话音刚落,门外也传来敲门声——笃笃、笃、笃笃、笃,两短三长,一模一样的三短两长节拍,只是换了个顺序。

猫灵眼睛一亮:“对上暗号了!”

它嗖地飘出门缝。

蓝梦愣了三秒,然后认命地爬起来,披上外套跟出去。

门外走廊空荡荡的,没有半个人影。

猫灵蹲在走廊中央,仰头看着天花板,尾巴兴奋地甩来甩去。

“在楼上!”它说,“四楼!”

蓝梦跟着它爬上四楼。

四楼住的是个独居老太太,平时深居简出,蓝梦只在交物业费时见过她几次,连名字都叫不上来。

此刻老太太家的门虚掩着,门缝里透出昏黄的灯光,还有一股浓烈的、混合着香灰和猫粮的奇怪味道。

猫灵已经飘进去了。

蓝梦推开门。

屋里很暗,只开了一盏落地灯。家具老旧但整洁,沙发上铺着洗得发白的棉布罩子,茶几上摆着一个搪瓷盆,盆里盛着清水。

老太太坐在沙发上,手里抱着一只猫。

不是活猫,是猫的雕像——黄铜铸造的,巴掌大小,做工粗糙,但能看出是只狸花猫,耳朵缺了一小块。

她正用一块软布轻轻擦拭铜像,动作很慢,很仔细,一下一下,像在抚摸真正的猫。

“笃、笃笃。”

老太太抬起头,看向门口。

她的眼睛很浑浊,是那种白内障很严重的白翳,几乎看不清瞳孔。但她似乎知道有人来了,朝蓝梦的方向微微点头。

“进来坐吧,”她的声音沙哑,“门没关。”

蓝梦走进去,在沙发对面的椅子上坐下。

猫灵飘到她肩头,压低声音:“那铜像里有魂。很老很老的魂,和铜锈长在一起了,分都分不开。”

蓝梦看向那只铜猫。

灯光下,铜像表面泛着深沉的暗金色,耳朵缺口处有一道深深的划痕,从耳根一直延伸到颈侧。那不是铸造瑕疵,是利器砍上去的。

“这是您的猫?”她问老太太。

老太太继续擦拭铜像,动作轻柔:“它叫阿黄。六十三年前的事了。”

六十三年前。

蓝梦算了算,那时候老太太应该才十几岁。

“那时候我才十五岁,”老太太果然开口了,声音很轻,像在自言自语,“住在城北,家里穷,父亲早逝,母亲给人帮佣,我就在巷口摆了个茶水摊,赚几个铜板贴补家用。”

“茶水摊对面有个废弃的戏台,戏台狗都怕它。”

她顿了顿,嘴角浮起一丝笑意:“但它从来不凶我。我每天收摊时会把剩下的鱼骨头和茶渣拌在一起,放在戏台边上。它起初不来,等我走远了才偷偷吃。后来熟了,它就开始等我了。
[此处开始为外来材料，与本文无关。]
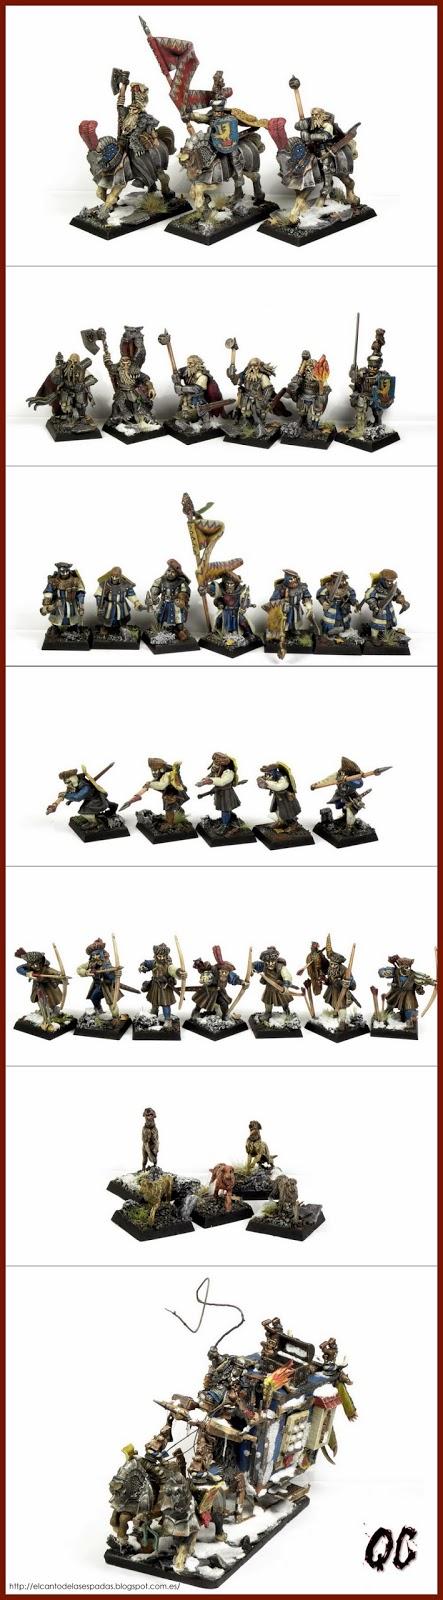 middenland-middenhein-mordheim-warband-warhammer

”

“夏天傍晚,我收完摊坐在戏台边乘凉,它就蹲在我旁边,尾巴圈住脚踝,眯着眼睛打呼噜。那时候我想,等我有钱了,一定要把它带回家,给它买最好的猫粮,让它睡在我的枕头边。”

蓝梦静静听着。

老太太抚摸着铜像的耳朵缺口:“后来呢,城北要拆迁了,戏台要拆,茶水摊也要撤。我急得到处找房子,想把阿黄带走。可我没钱,没本事,找了半个月都找不到一间能养猫的屋子。”

“拆迁前一天,我又去戏台边,想跟阿黄告别。它不在。我等了一夜,它都没来。第二天拆迁队就进场了,我被人拦在外面,只能远远看着戏台被推平。”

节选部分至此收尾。